• **Problem to work on**: Under this line sits a listing. Repeat exactly and only its lines from the one holding "Ein Blick aus" through the one holding "Yeti Yeti Rambler 20oz/591ml Travel Mug"; skip pictures.

• **Given entries**:
========
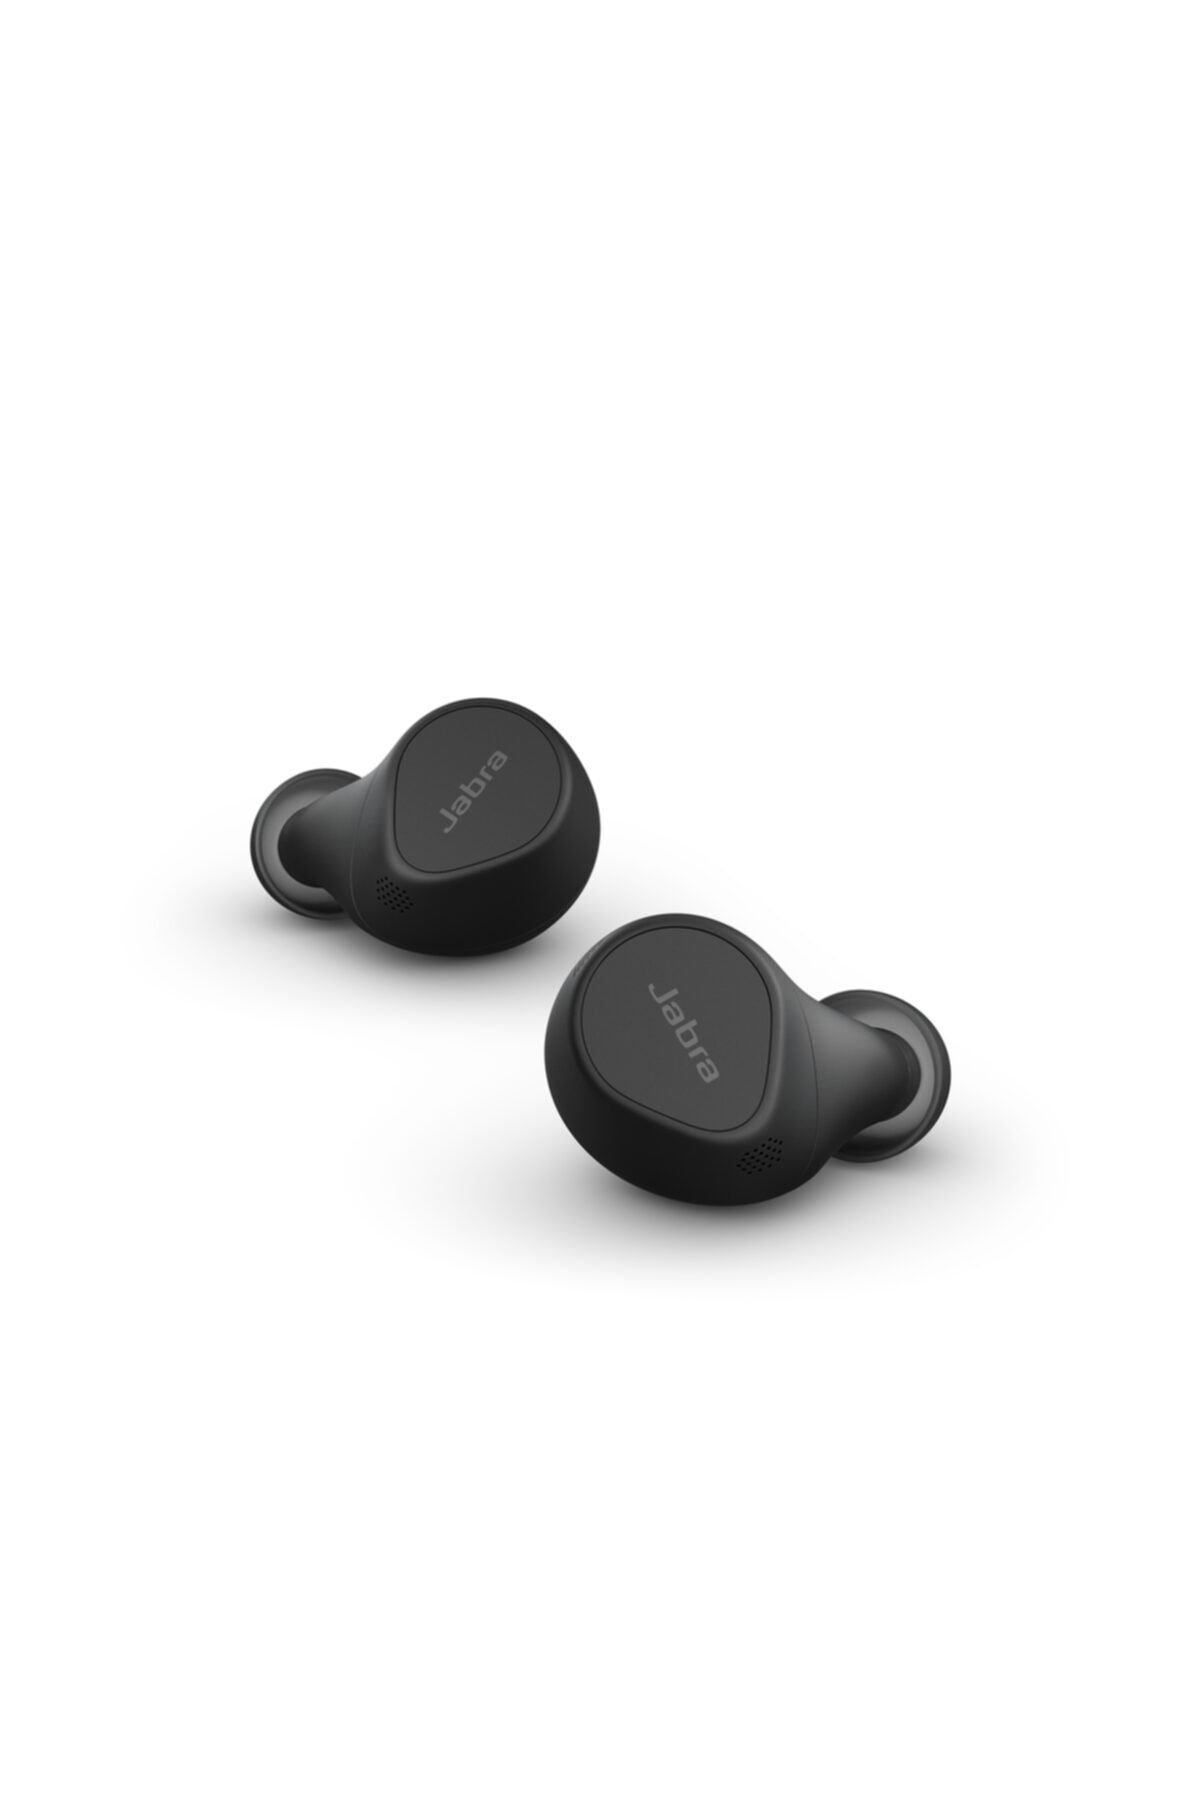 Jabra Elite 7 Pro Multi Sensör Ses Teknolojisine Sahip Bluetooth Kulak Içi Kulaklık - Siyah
========
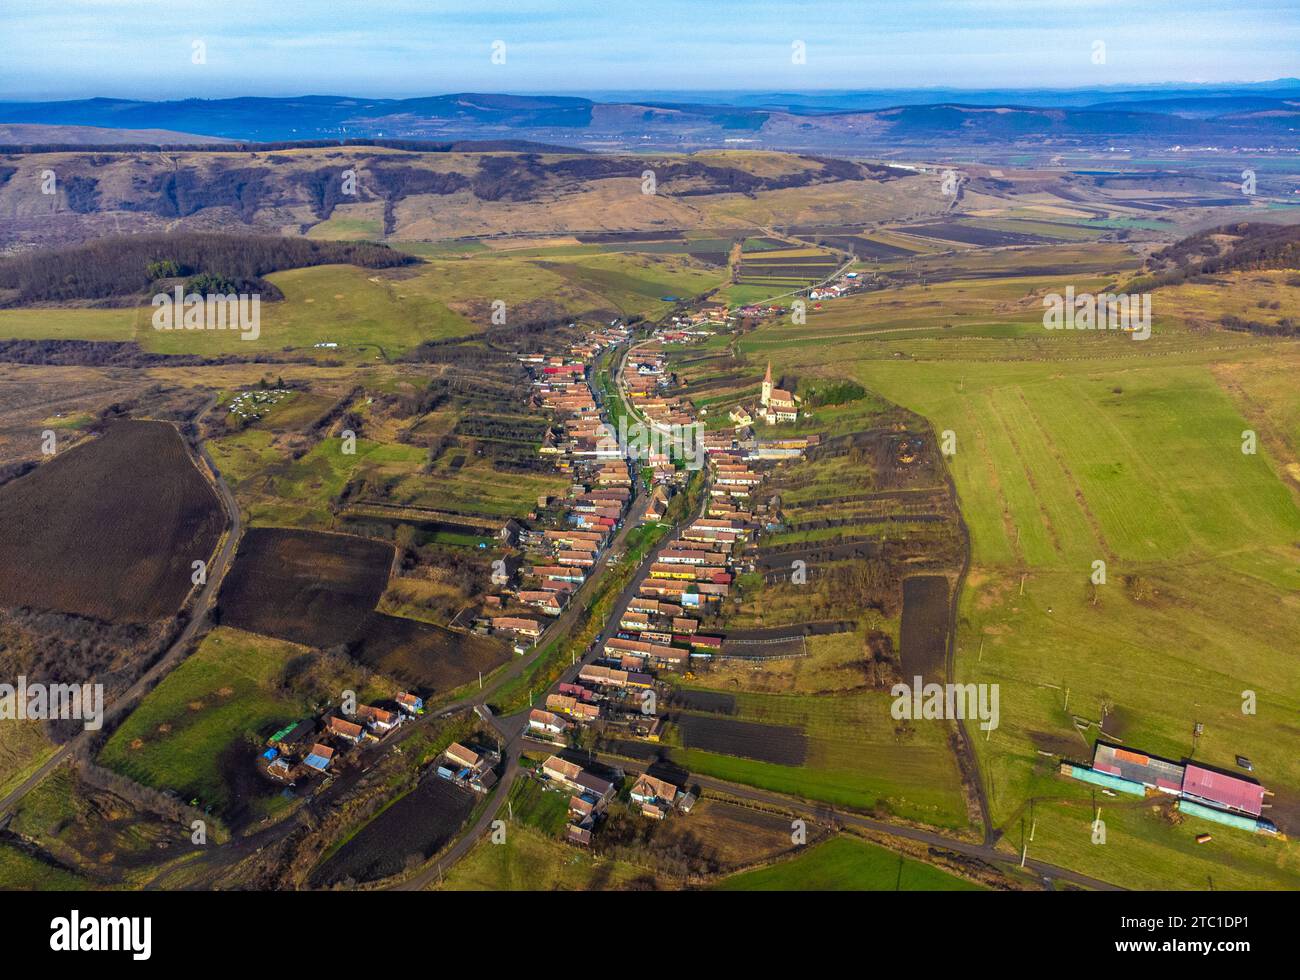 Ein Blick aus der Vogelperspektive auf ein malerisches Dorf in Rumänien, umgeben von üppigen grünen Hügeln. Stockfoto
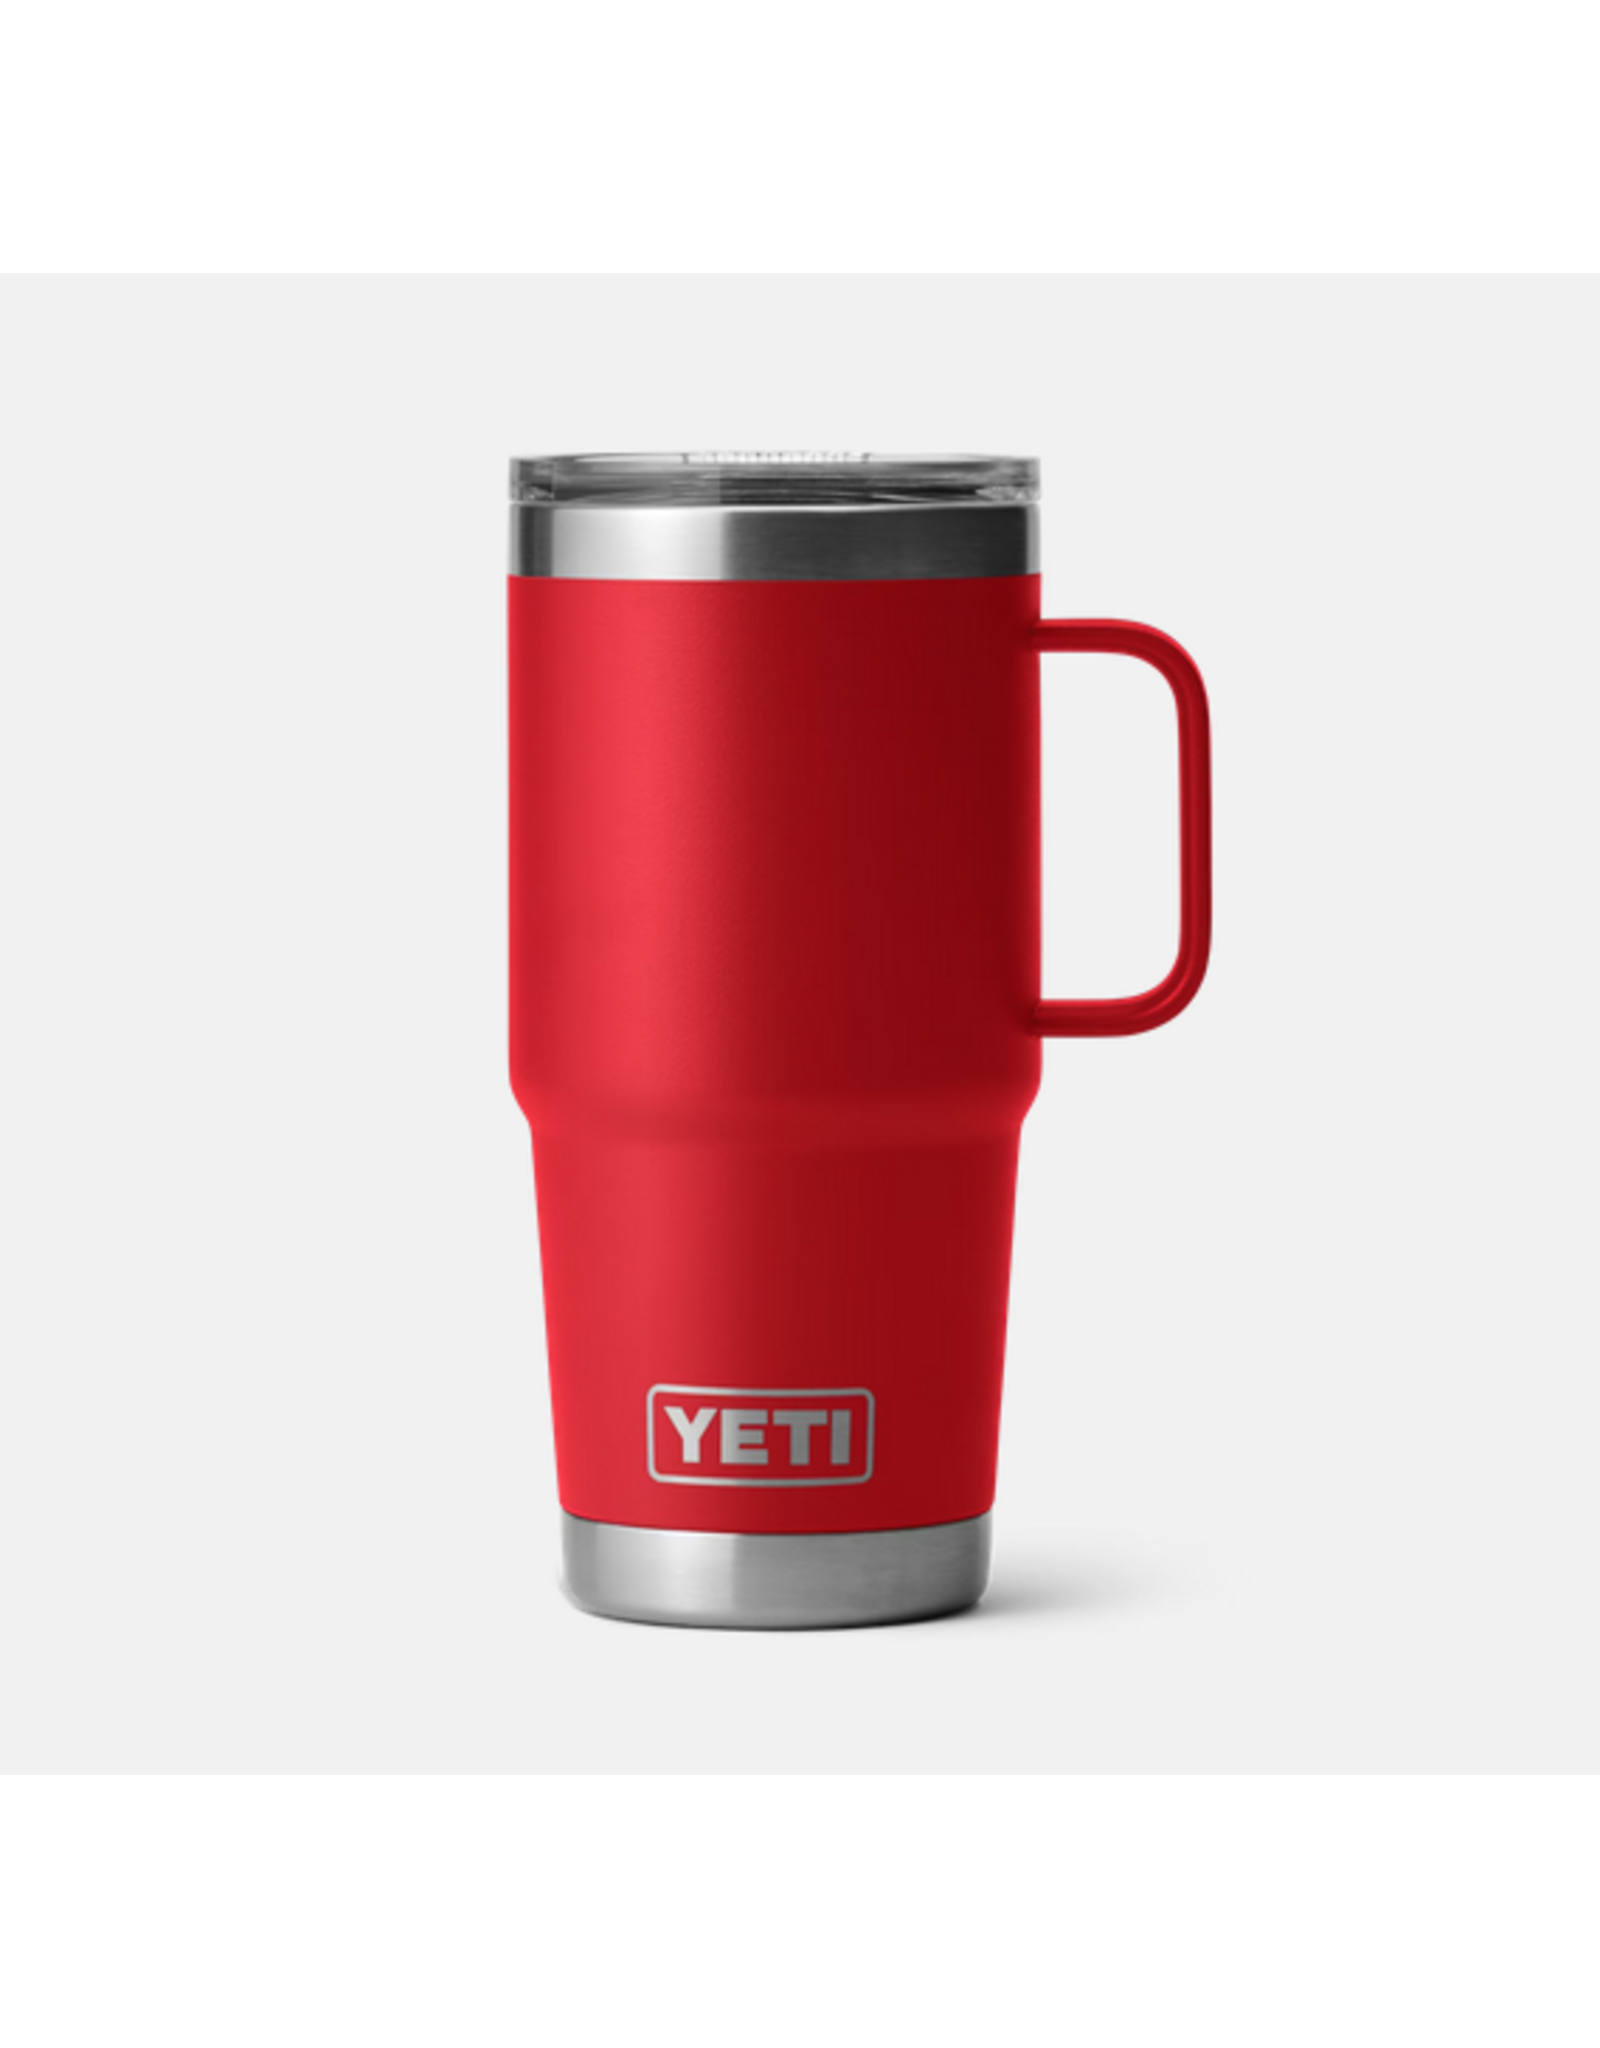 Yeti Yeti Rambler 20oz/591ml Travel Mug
========
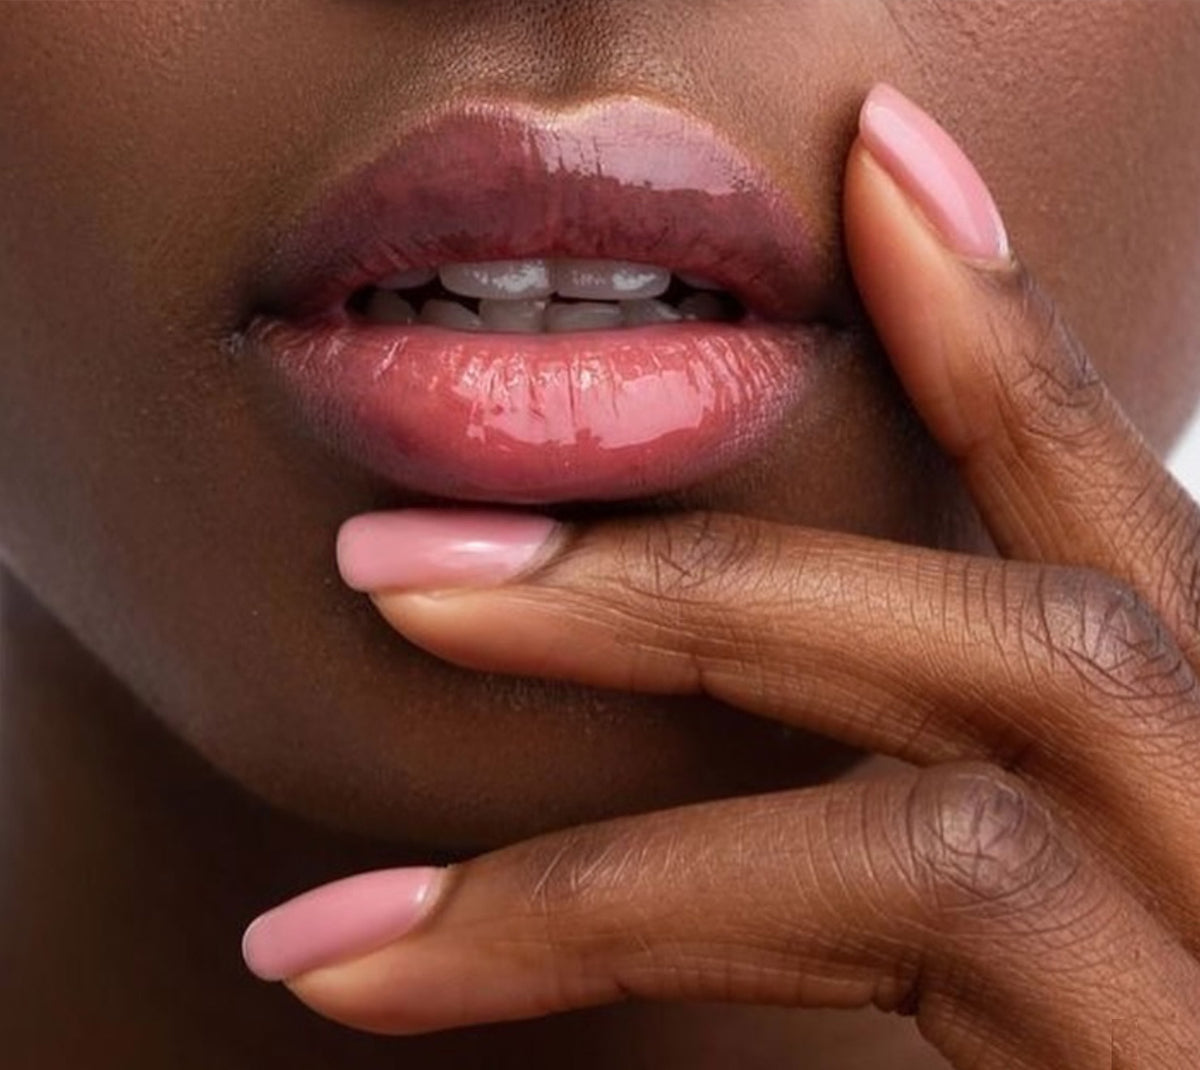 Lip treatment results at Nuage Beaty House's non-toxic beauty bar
========
• **Answer area**:
 Ein Blick aus der Vogelperspektive auf ein malerisches Dorf in Rumänien, umgeben von üppigen grünen Hügeln. Stockfoto
 Yeti Yeti Rambler 20oz/591ml Travel Mug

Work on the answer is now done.